Remember that the class policy on LLM usage prohibits its use in text generation and text refinement. You are only allowed to use an LLM for coding and you MUST provide a citation and the prompt used (or a summary of the prompt used). 

As part of this lab you need to choose a trained model that you can run on your own hardware and investigate a bias in this model (where different groups may be treated differently or unfairly by the already trained model). As always, smaller models will be more computationally efficient to investigate, especially if your process is iterative or requires retraining of the base model. 

Here is the rubric for the assignment, worth 15 points total: 

[2 Points] Present an overview for (1) what type of bias you will be investigating and what groups, (2) what pre-trained model you will be investigating, and (3) why the particular investigation you will be doing is relevant.
You might consider asking questions like: Why is it important to find this kind of bias in machine learning models? Why will the type of investigation I am performing be relevant to other researchers or practitioners? Why might this particular model treat these groups unfairly? 
You are free to look and compare bias among any groups. For instance, in ConceptNet, they looked at racial bias in names for a sentiment classifier.

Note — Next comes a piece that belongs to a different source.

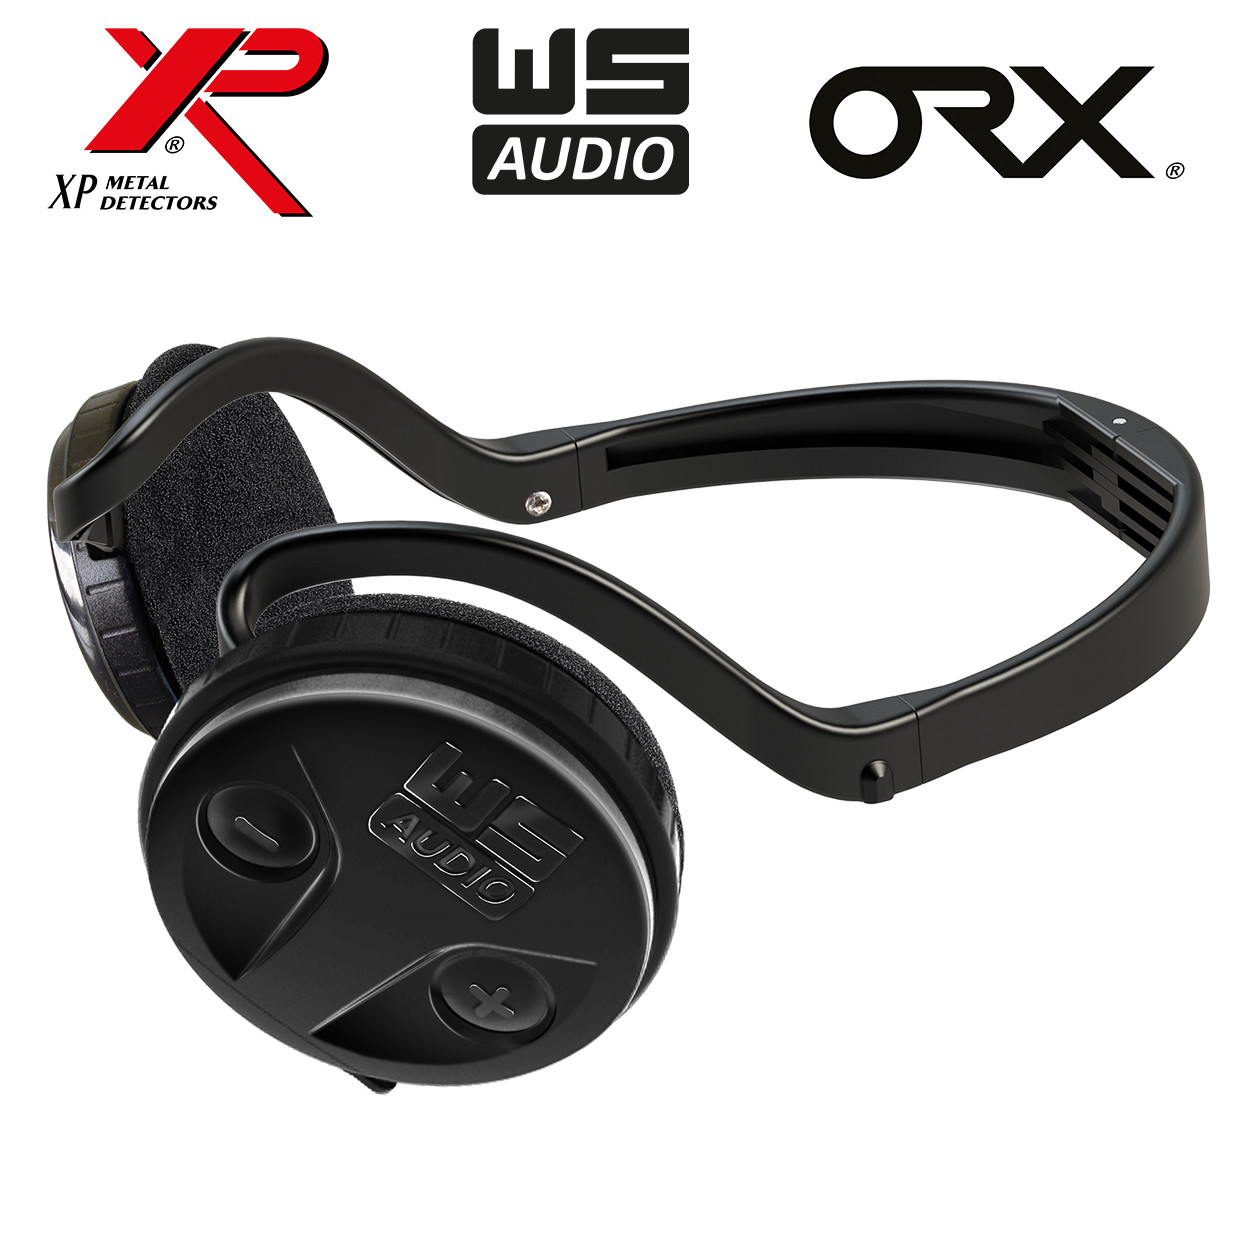 XP ORX 22 Metalldetektor RC WSA HF

However, you might choose to investigate other forms of bias like gender, religion, socioeconomic status, political affiliation, sexual orientation, or another grouping. The aim is to uncover groups that are treated systematically different by a model and why it is important for these groups to be treated fairly.

[2 Points] Present one (or more) research question(s) that you will be answering and explain the methods that you will employ to answer these research questions. Present a hypothesis as part of your research question(s).
Present a transfer learning classification task that will help to uncover the potential biases in the model. That is, discuss what new transfer learning task can be used and how the new classification task of the model will help to uncover bias or a lack of fairness.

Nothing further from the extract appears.